また、証券会社・銀行などのミドルオフィスや管理部門でのレポート作成、業務フロー改善、内部統制の管理といった経験も、経理業務に直結するスキルです。数字に対する感度の高さや、正確性を求められる仕事は評価されやすい傾向にあります。
カスタマーサポートやコールセンターでの勤務歴であっても、返金処理や対応履歴のデータ管理など、定量的な処理に強みがある場合はアピールポイントになります。経理は「数字を扱うサービス職」とも言えるため、意外な経験が活きてきます。
要は、職種の肩書きではなく「何をやってきたか」が重要です。数字・仕組み・正確性に関わる業務があれば、経理への転職で強力な武器になります。自分の経験を再定義することから始めてみましょう。
経理に未経験で転職成功するための3ステップ【準備編】
- 経理に直結しない職種でも“関連経験”は意外と多い
- 営業、カスタマーサポート、ミドルオフィス職も経理に活かせる
- 数字管理やプロセス改善の経験は強みになる
未経験から経理職を目指すなら、準備段階での戦略が成功を左右します。思いつきの応募ではなく、「なぜ自分が経理に向いているか」を明確に伝えられる状態を整えましょう。
まず第一のステップは、自己分析と経験の棚卸しです。自分の過去の業務で、数字を扱った場面、正確さが求められた仕事、ルールに則って処理をした経験などを洗い出し、それが経理にどうつながるかを考えてみましょう。
次に第二ステップは、必要最低限のスキルや知識の習得です。日商簿記3級の取得や、ExcelのVLOOKUP・ピボットテーブルといった機能を使えるようにしておくと、転職後のイメージがしやすくなりますし、面接でも好印象です。
そして第三ステップは、志望動機や自己PRの言語化です。ただ「興味がある」ではなく、「なぜ今経理職を目指すのか」「将来どうなりたいか」を一貫性あるストーリーで語れるようにしておきましょう。
採用担当者は、「未経験でもこの人なら伸びそうだ」と思える根拠を求めています。その根拠を、資格や経験、意欲の高さで具体的に見せることができれば、チャンスは大きく広がります。
有利になる資格・スキル|日商簿記だけで十分?
- 日商簿記3級〜2級は経理転職の基本資格として有効
- 資格だけでなく、実務に近いPCスキルも重要
- 応募先企業に合わせて“学び方”や“使い方”を工夫することが大切
経理職を目指す上で、「まずは日商簿記から」と考える人は多いでしょう。実際に簿記3級は経理の基本用語や仕組みを理解する上で非常に有効で、履歴書にも書ける“入り口資格”として評価されています。

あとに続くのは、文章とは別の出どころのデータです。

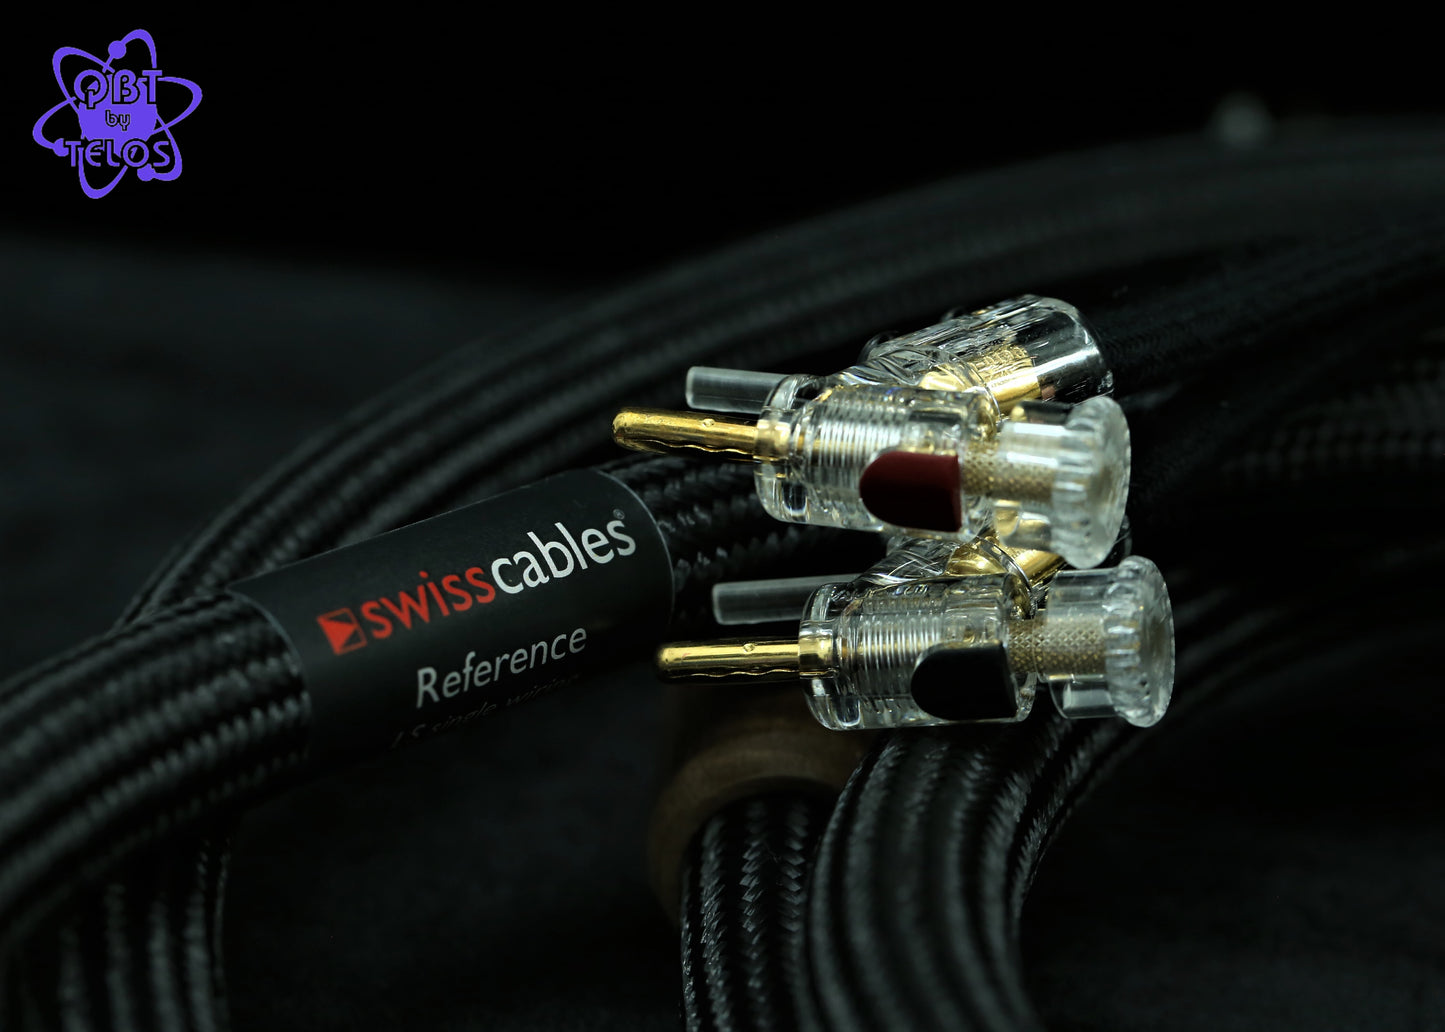 Swisscables Reference Speaker Cables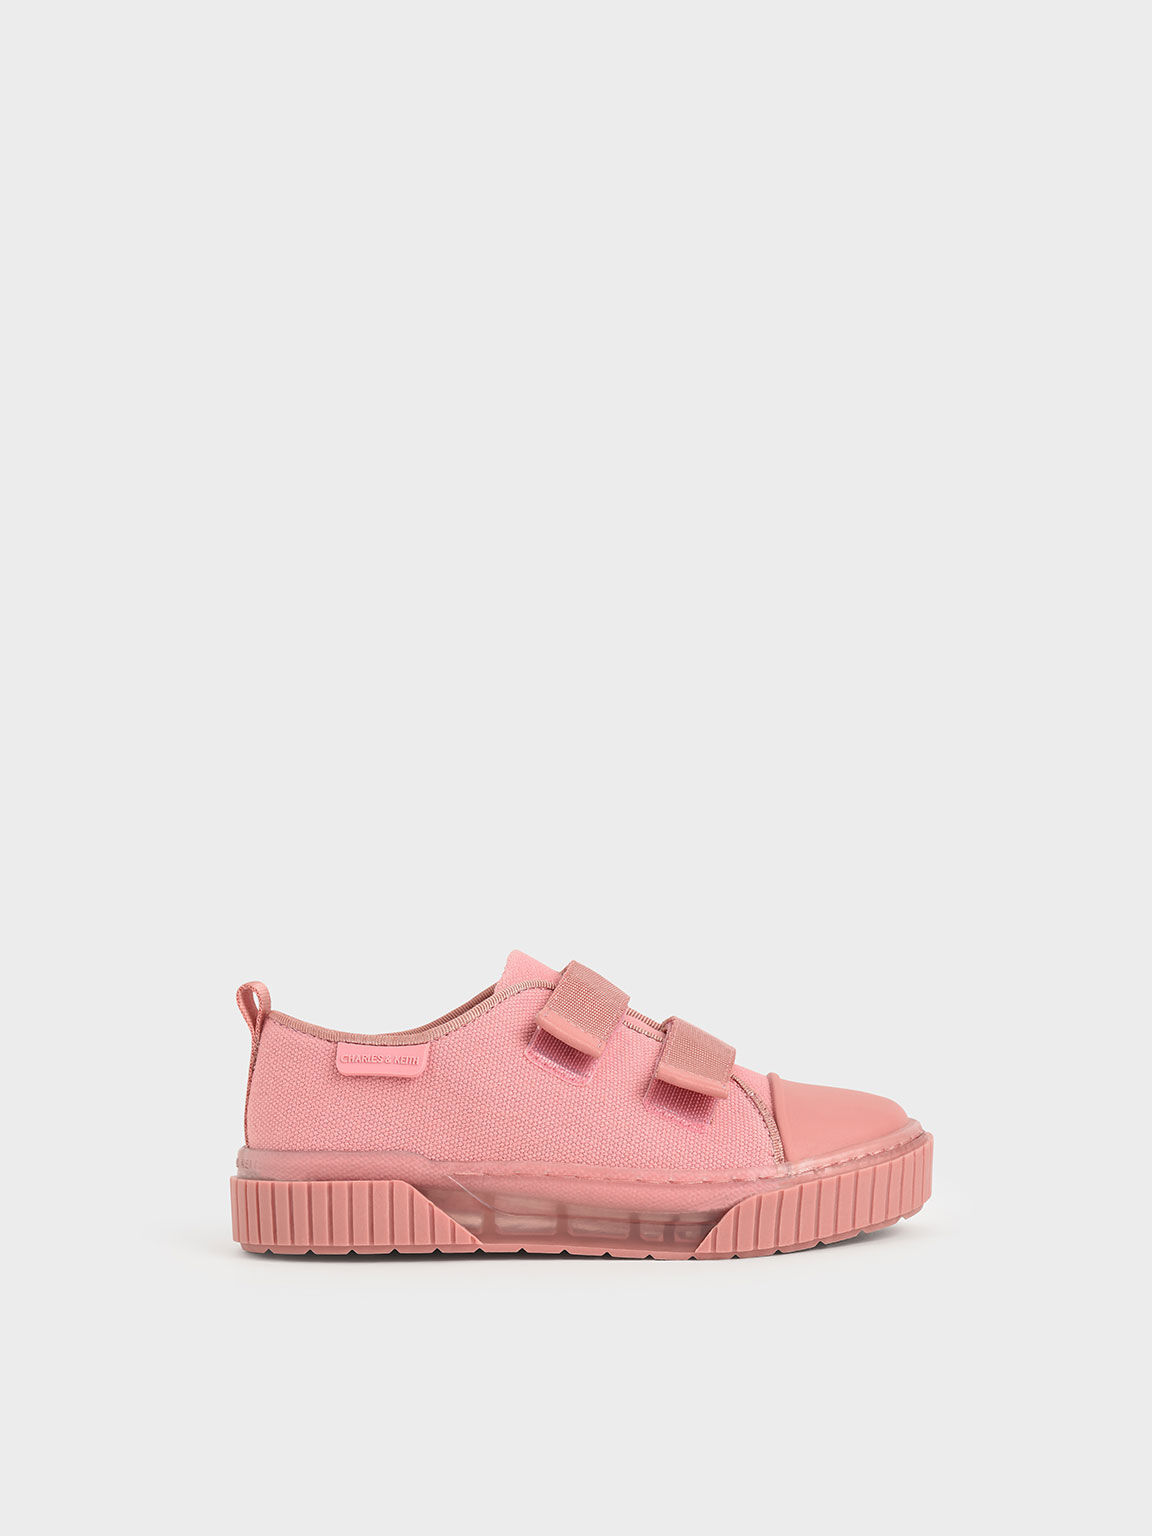 Purpose Collection 2021: Girls' Organic Cotton Sneakers, Pink, hi-res

ただし、30代以降や競争率の高い企業を目指す場合、簿記2級まで取得しておくことで差別化につながります。2級では工業簿記やより実務的な内容も学べるため、より“使える知識”として見られやすくなります。
とはいえ、資格は“前提条件”にすぎず、それだけで内定に直結するわけではありません。むしろ重要なのは、「Excelでの業務効率化ができる」「会計ソフトに触れた経験がある」など、実務寄りのスキルです。
たとえばExcelでは、関数(SUMIF、IF、VLOOKUP)やピボットテーブルなどが使えると即戦力として評価されやすくなります。最近では、freeeやマネーフォワードといったクラウド会計ソフトに慣れておくのも武器になります。
基本的にPCスキル関連の資格は必須ではない
MOS(Microsoft Office Specialist)といったPC資格は、PC操作のスキルを証明する手段として一定の評価はありますが、必須ではありません。特に実務経験がない場合の“アピール材料の一つ”と考えておくとよいでしょう。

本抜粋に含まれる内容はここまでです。